Un des plus beaux articles parus à ce jour sur la collection... Esther Lardreau, université de Paris 7, philosophies et histoire de la médecine. A paraître: «An Approach to 19th Century Medical Lexicon: The Term "Dreamy State"», Journal of the History of the Neurosciences, 2011, 20:1-8.
Parmi les étranges livres qui s’exposent du 1er au 6 décembre 2010 au Salon du Livre et de la Presse Jeunesse, on trouve les Petits Platons. C’est en 2009 que la maison d’édition Les Petits Platons naît d’une idée de Jean Paul Mongin, qui publie des récits philosophiques, s’adressant aux enfants, de 9 à 14 ans environ (les plus petits y peuvent avoir accès à travers les illustrations, ou par la lecture donnée par les parents; les plus grands aussi y trouveront occasion d’émerveillement).
Un pari difficile, mais réussi. Parler de philosophie aux enfants – c’est à la mode, dira-t-on, et peut-être même vulgaire. Dangereux encore, quand l’enseignement de la philosophie quitte la classe de Terminale, où elle avait trouvé sa spécificité, sa grandeur, pour entrer en classe de seconde, et se confondre avec un enseignement d’éducation civique (on songe aux leçons de morale, mieux encore aux leçons d’orthographe de Topaze, la condition de Cripure dans Le Sang Noir semblant, au professeur de philosophie de lycée aujourd’hui, préférable...)
Dans les Petits Platons, il n’y va ni d’un cours élémentaire, ni même d’une réflexion se proposant de recueillir petites et grandes questions que les enfants d’habitude abordent: «pourquoi donc c’est comme ça?», «et quand est-ce qu’il va mourir?». L’objectif est autre, plus ambitieux sans doute, sans prétention pourtant, tenant compte de la nature même du discours philosophique, et reposant sur une définition non triviale de l’activité de pensée.

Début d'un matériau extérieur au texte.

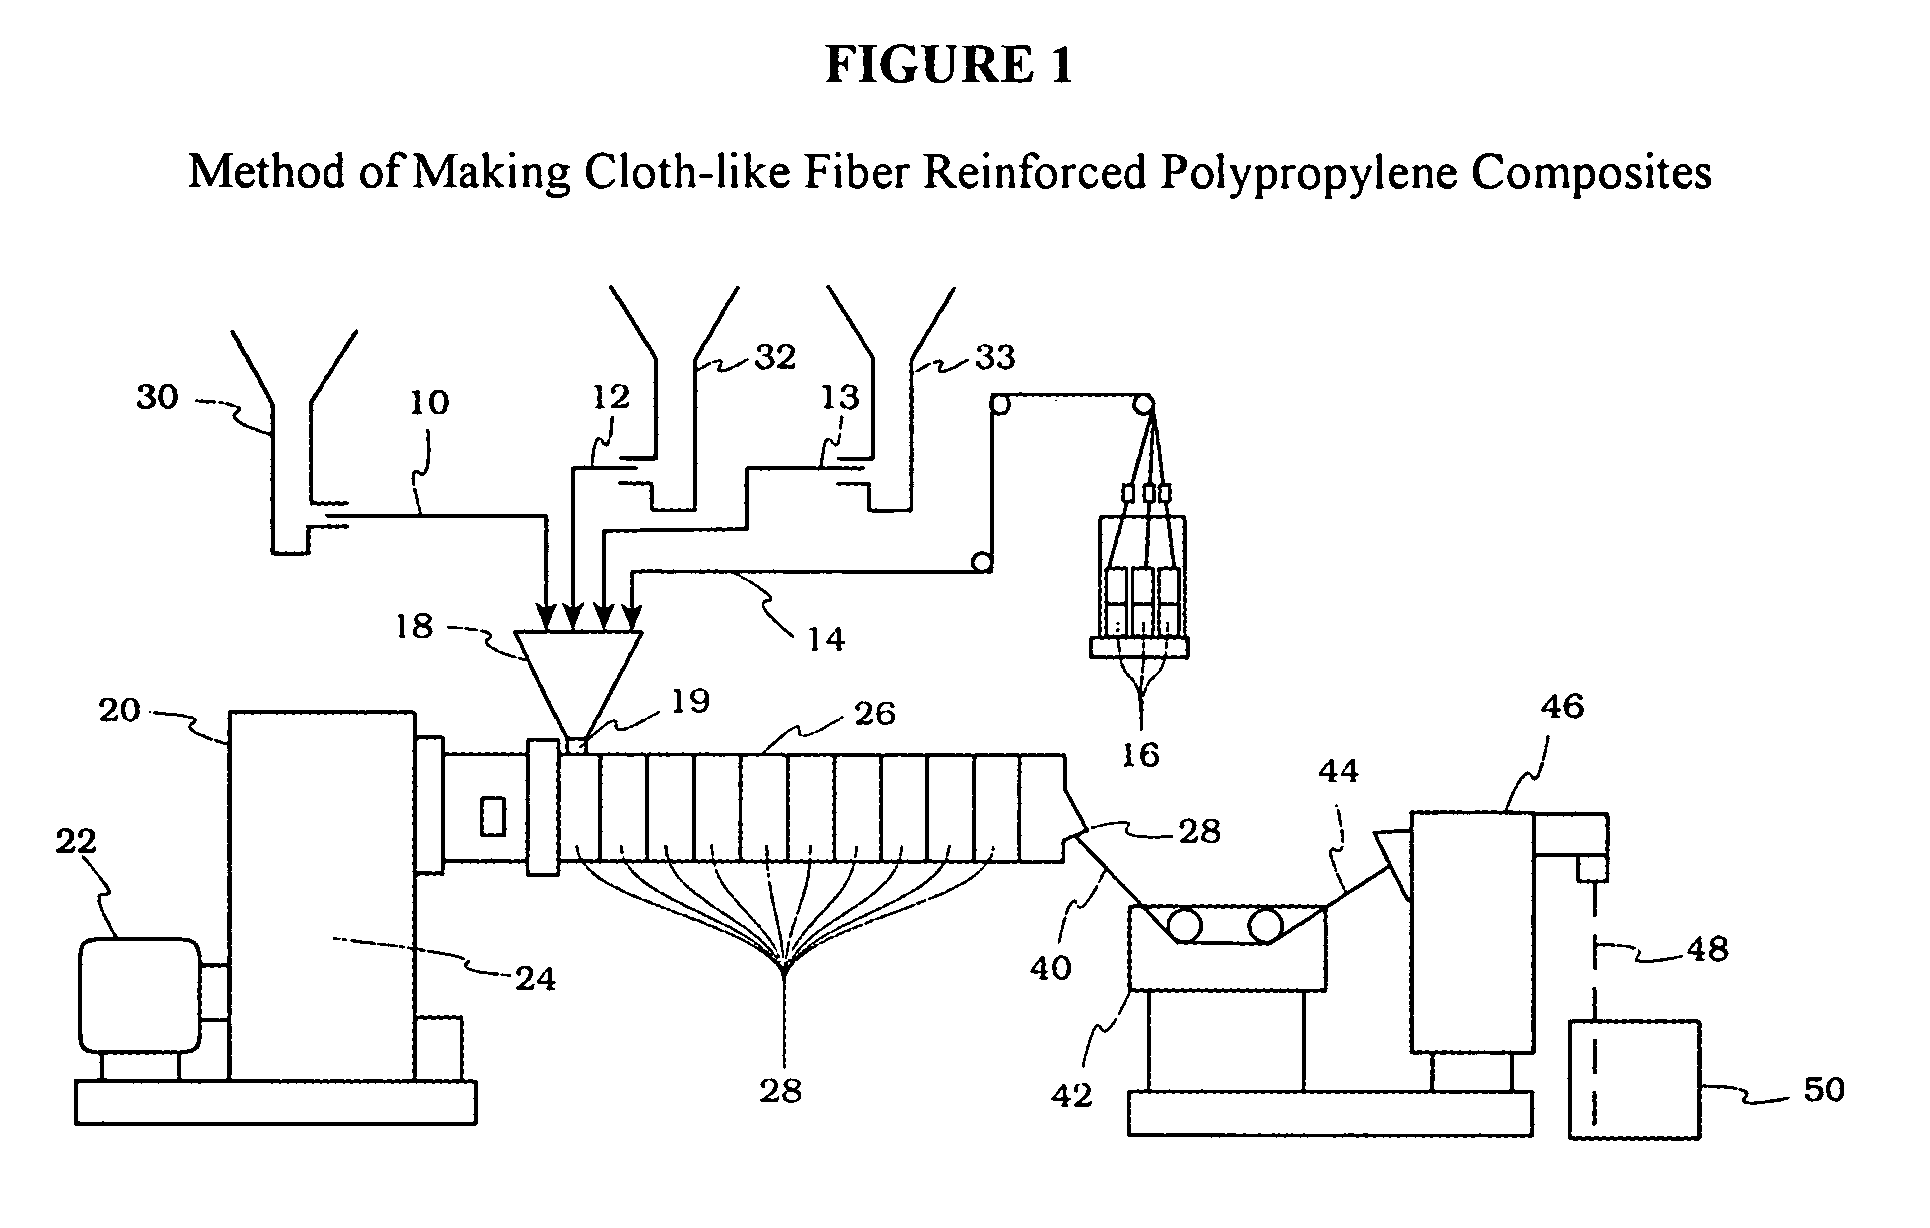 Cloth-like fiber reinforced polypropylene compositions and method of making thereof
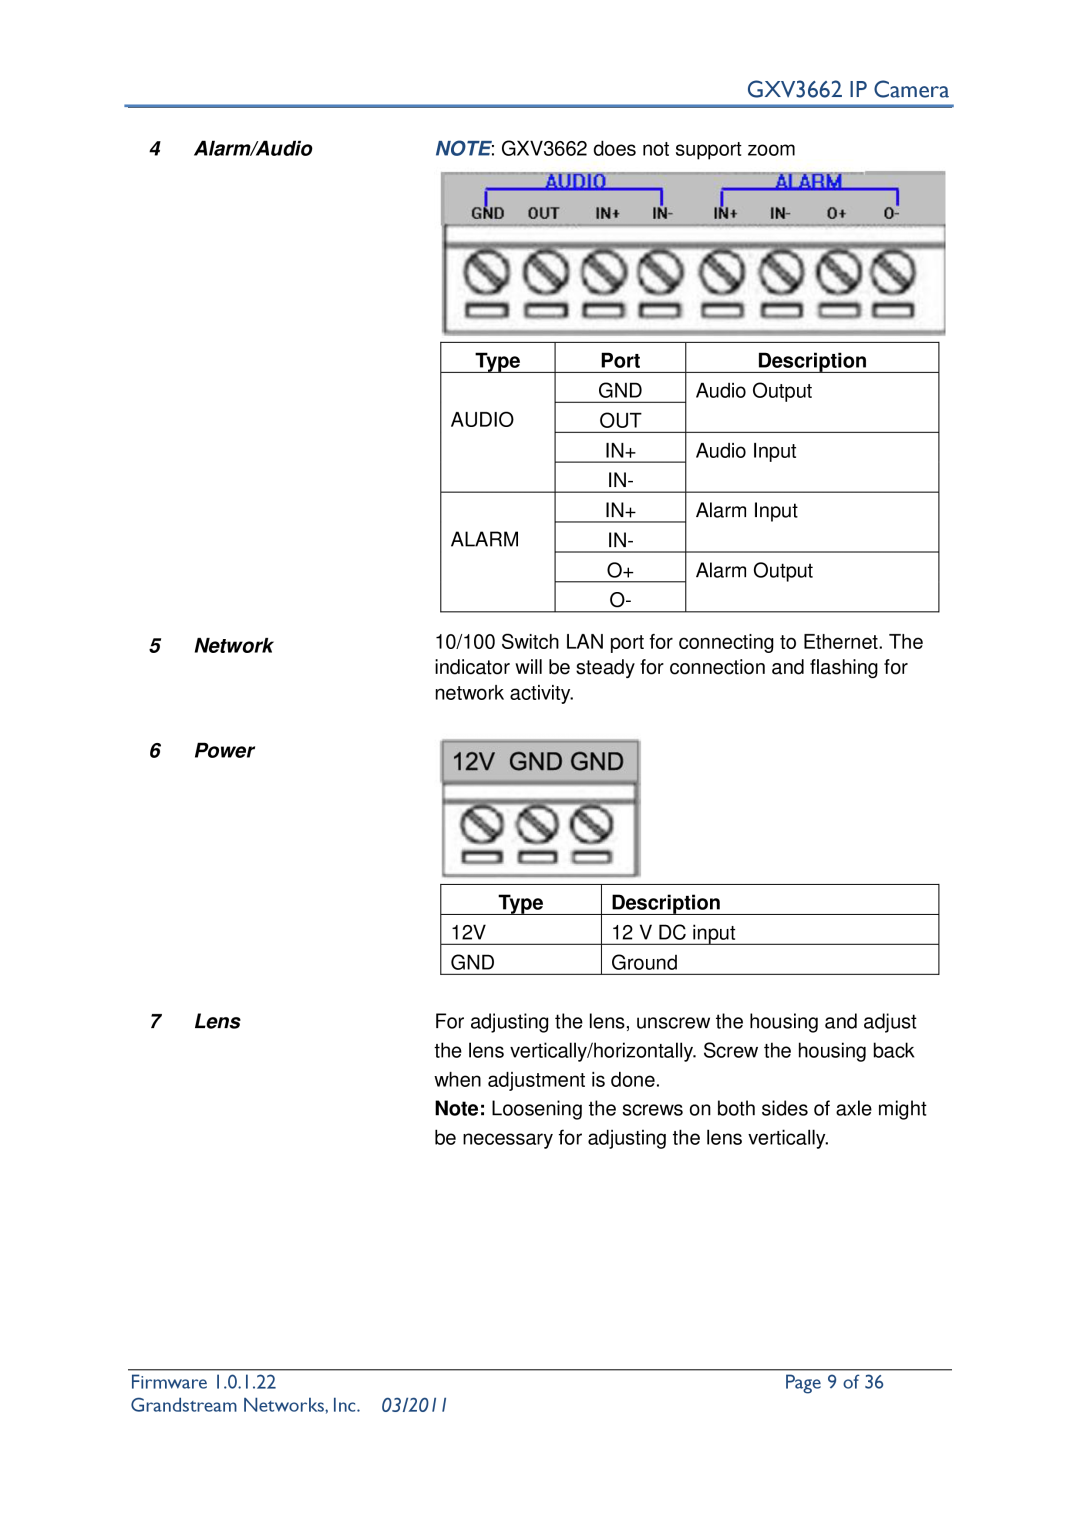 Grandstream Networks user manual Page 9 of, GXV3662 IP Camera, Firmware, Grandstream Networks, Inc, 03/2011

Inviter l’esprit d’un enfant, par le récit, la fiction, à la pensée, ce n’est pas tant, comme souvent l’on dit, entendant la maxime kantienne (“aie le courage de te servir de ton propre entendement” – sapere aude!) en un sens que Kant jamais n’eût souhaité entendre, le faire «penser par soi-même», lui faire découvrir, en son propre fonds, des semences de vérité qui pourraient bien n’être que les opinions qu’il a de ses éducateurs et parents prises, que l’inviter à accueillir la pensée d’un autre, à saisir une vision du monde: «à travers une histoire, embrasser la vision du monde d’un grand philosophe».
Car il se pourrait bien qu’il y ait infinité d’histoires, comme il y a infinité de mondes possibles. S’il y a but pédagogique, alors, c’est au sens où il y va d’un exercice, d’une éducation du regard. Ainsi sont parus, écrits par Jean Paul Mongin lui-même: La mort du divin Socrate, La Confession de Saint Augustin, Le malin génie de Monsieur Descartes, Le meilleur des mondes possibles, La folle journée du professeur Kant. D’autres ont suivi, avec pour auteurs: Ronan de Calan (Le fantôme de Karl Marx), Olivier Abel (Le Oui de Paul Ricoeur), Miriam Henke (Lao-Tseu ou la voie du dragon). Le malin génie de monsieur Descartes et La confession de Saint Augustin ont été traduits en portugais.
D’autres traductions sont en cours. Des illustrations colorées accompagnent le conte, qui s’offrent comme un repos, parfois, pour l’esprit trop attentif, lequel, s’il veut méditer longuement encore, préfère s’aider un peu de l’imagination et des sens: bien qu’elles proviennent d’illustrateurs différents (Yann le Bras, Laurent Moreau, Julia Wauters, François Scwoebel, Marion Jeannerot, Jérôme Meyer-Bisch), et qu’elles présentent une riche diversité, elles ont cependant une homogénéité, et par les couleurs, et par les figures. Une belle collection pour enfants qui, ose-t-on dire, est aussi une réussite philosophique.